Traumatic Brain Injury and Stem Cell: Pathophysiology and Update on Recent Treatment Modalities

1Department of Physiology and Pharmacology, Loma Linda University School of Medicine, 11041 Campus Street, Risley Hall, Room 219, Loma Linda, CA 92354, USA
2Loma Linda University School of Medicine, Loma Linda, CA 92354, USA
3Department of Epidemiology & Biostatistics, Loma Linda School of Public Health, Loma Linda, CA 92350, USA
4Department of Neurosurgery, Second Affiliated Hospital School of Medicine, Zhejiang University, Hangzhou, China
5Department of Neurosurgery, Loma Linda University School of Medicine, Loma Linda, CA 92354, USA

Correspondence should be addressed to John H. Zhang

Received 19 May 2017; Accepted 26 July 2017; Published 9 August 2017

Academic Editor: Gerald A. Colvin

Copyright © 2017 Cesar Reis et al. This is an open access article distributed under the Creative Commons Attribution License, which permits unrestricted use, distribution, and reproduction in any medium, provided the original work is properly cited.

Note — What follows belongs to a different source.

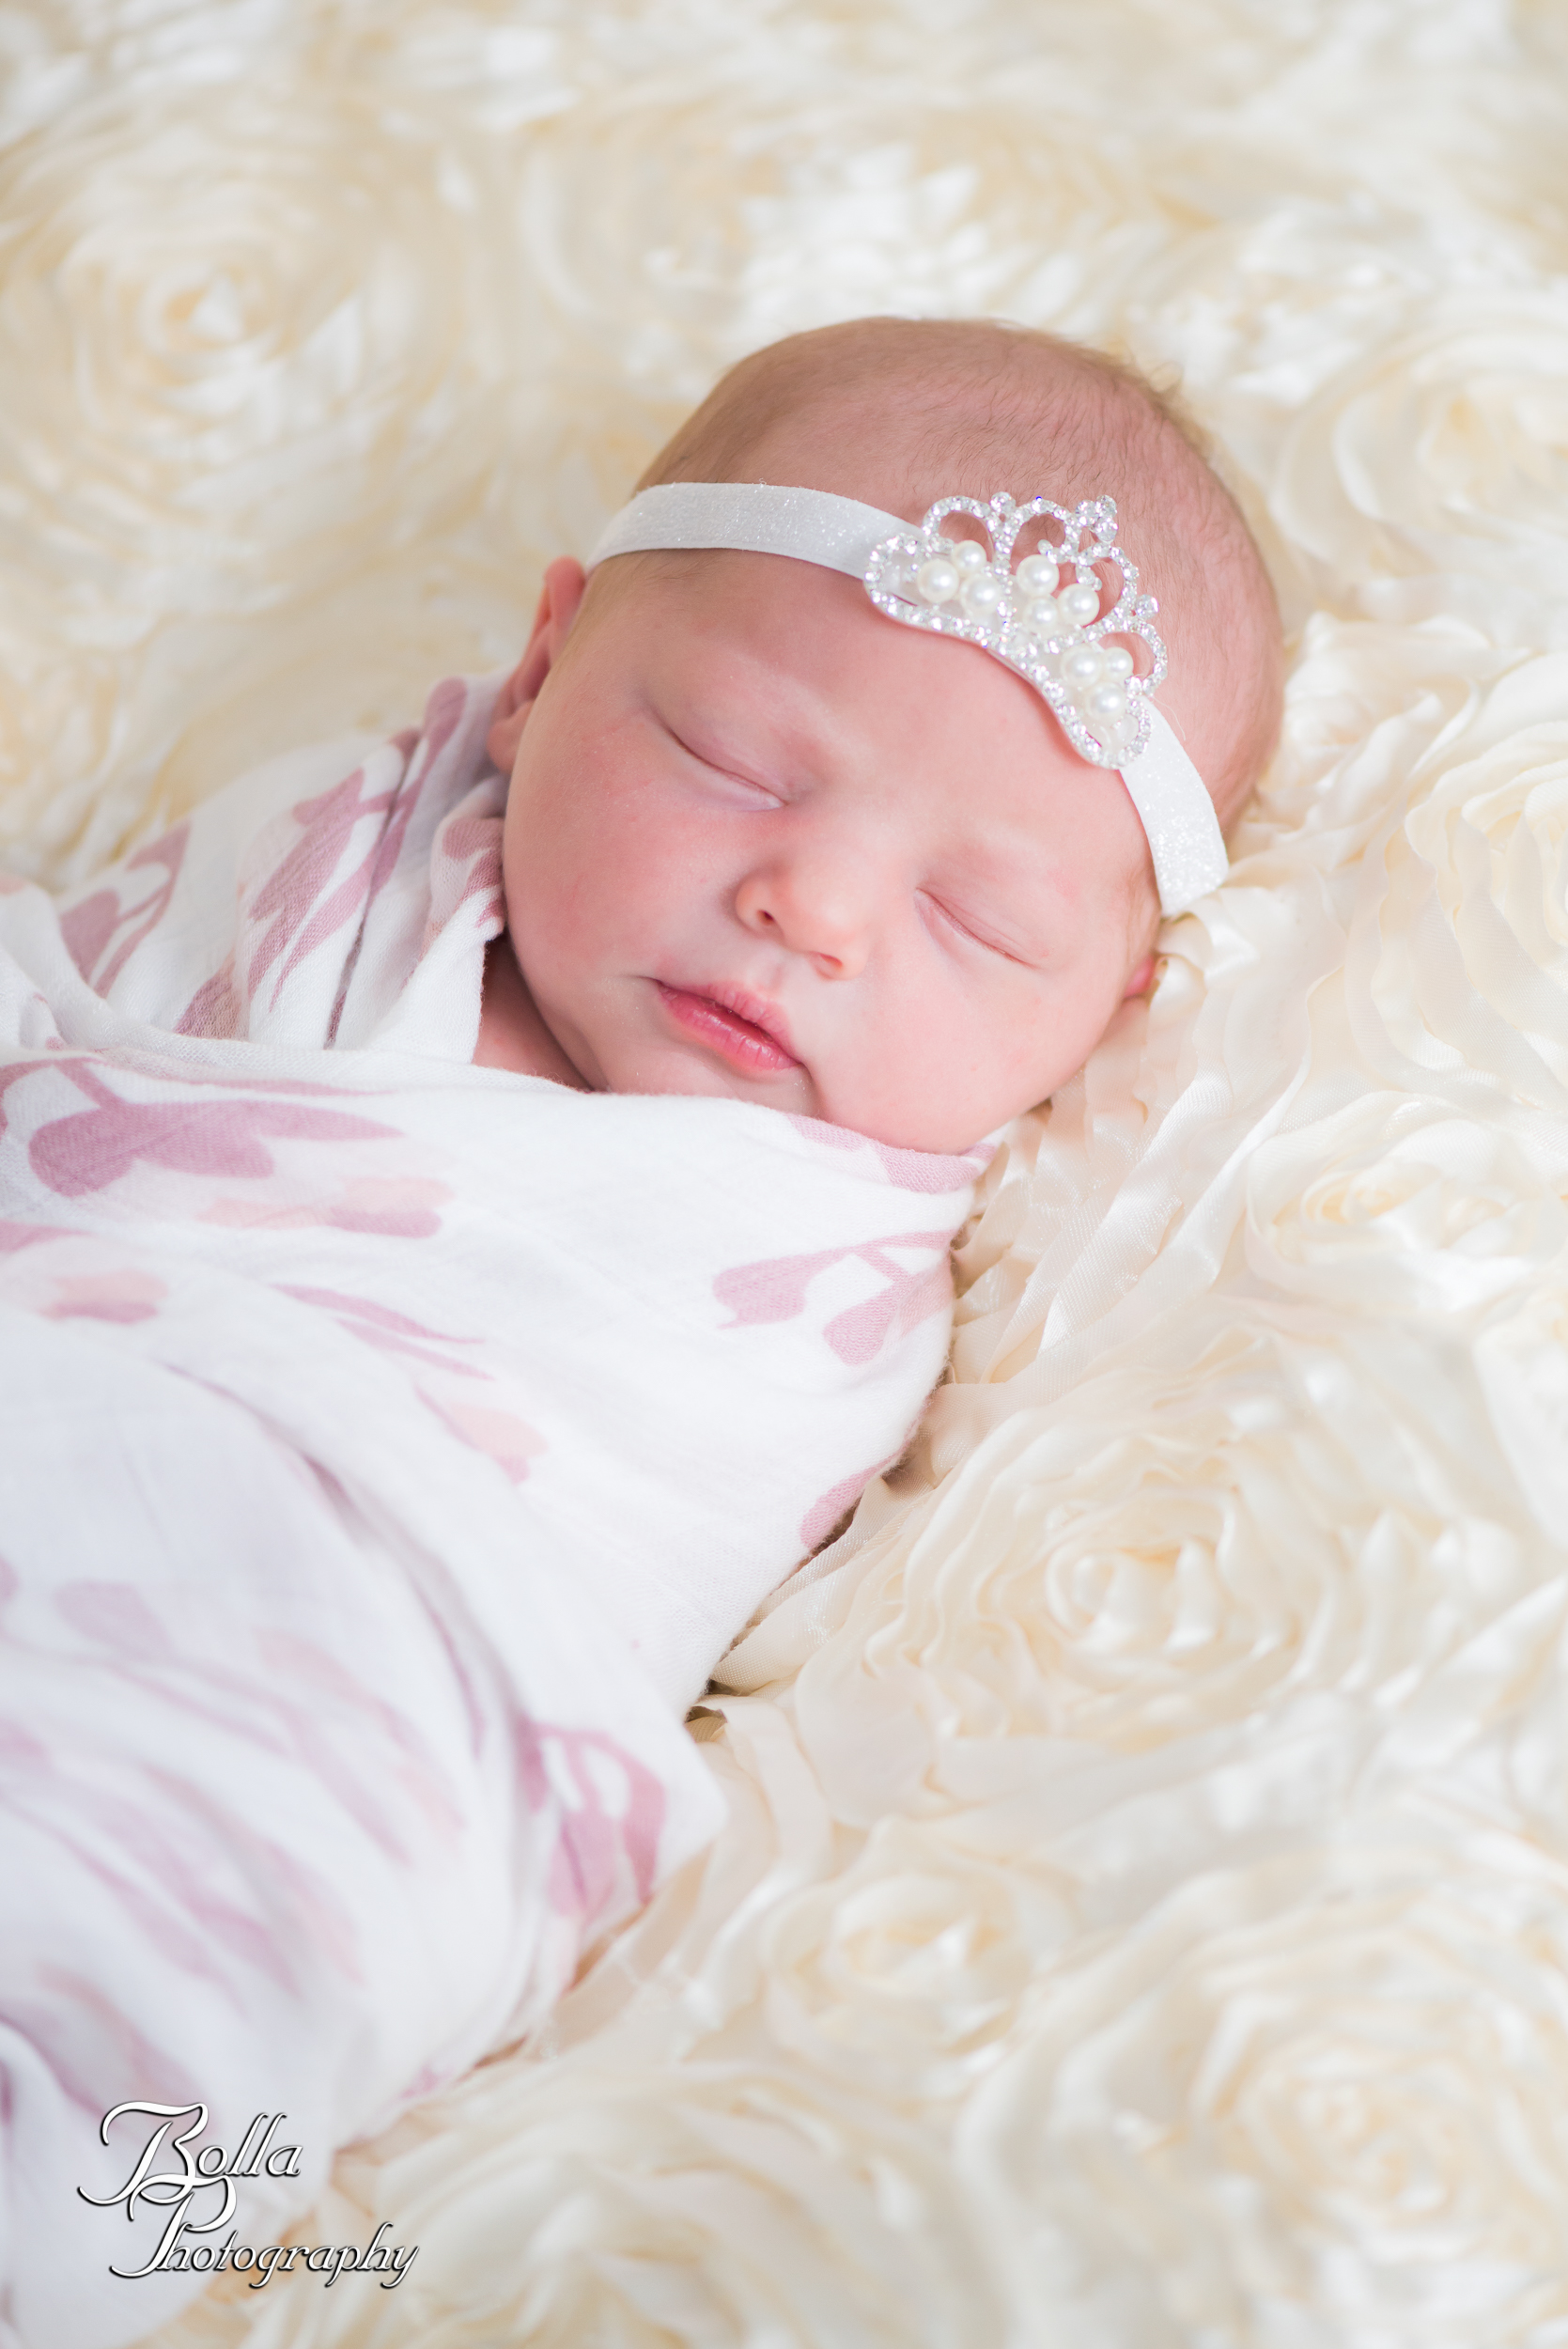 20170820_Bolla photography edwardsville wedding newborn photographer st louis weddings babies-0001.jpg

Traumatic brain injury (TBI) is a complex condition that presents with a wide spectrum of clinical symptoms caused by an initial insult to the brain through an external mechanical force to the skull. In the United States alone, TBI accounts for more than 50,000 deaths per year and is one of the leading causes of mortality among young adults in the developed world. Pathophysiology of TBI is complex and consists of acute and delayed injury. In the acute phase, brain tissue destroyed upon impact includes neurons, glia, and endothelial cells, the latter of which makes up the blood-brain barrier. In the delayed phase, “toxins” released from damaged cells set off cascades in neighboring cells eventually leading to exacerbation of primary injury. As researches further explore pathophysiology and molecular mechanisms underlying this debilitating condition, numerous potential therapeutic strategies, especially those involving stem cells, are emerging to improve recovery and possibly reverse damage. In addition to elucidating the most recent advances in the understanding of TBI pathophysiology, this review explores two primary pathways currently under investigation and are thought to yield the most viable therapeutic approach for treatment of TBI: manipulation of endogenous neural cell response and administration of exogenous stem cell therapy.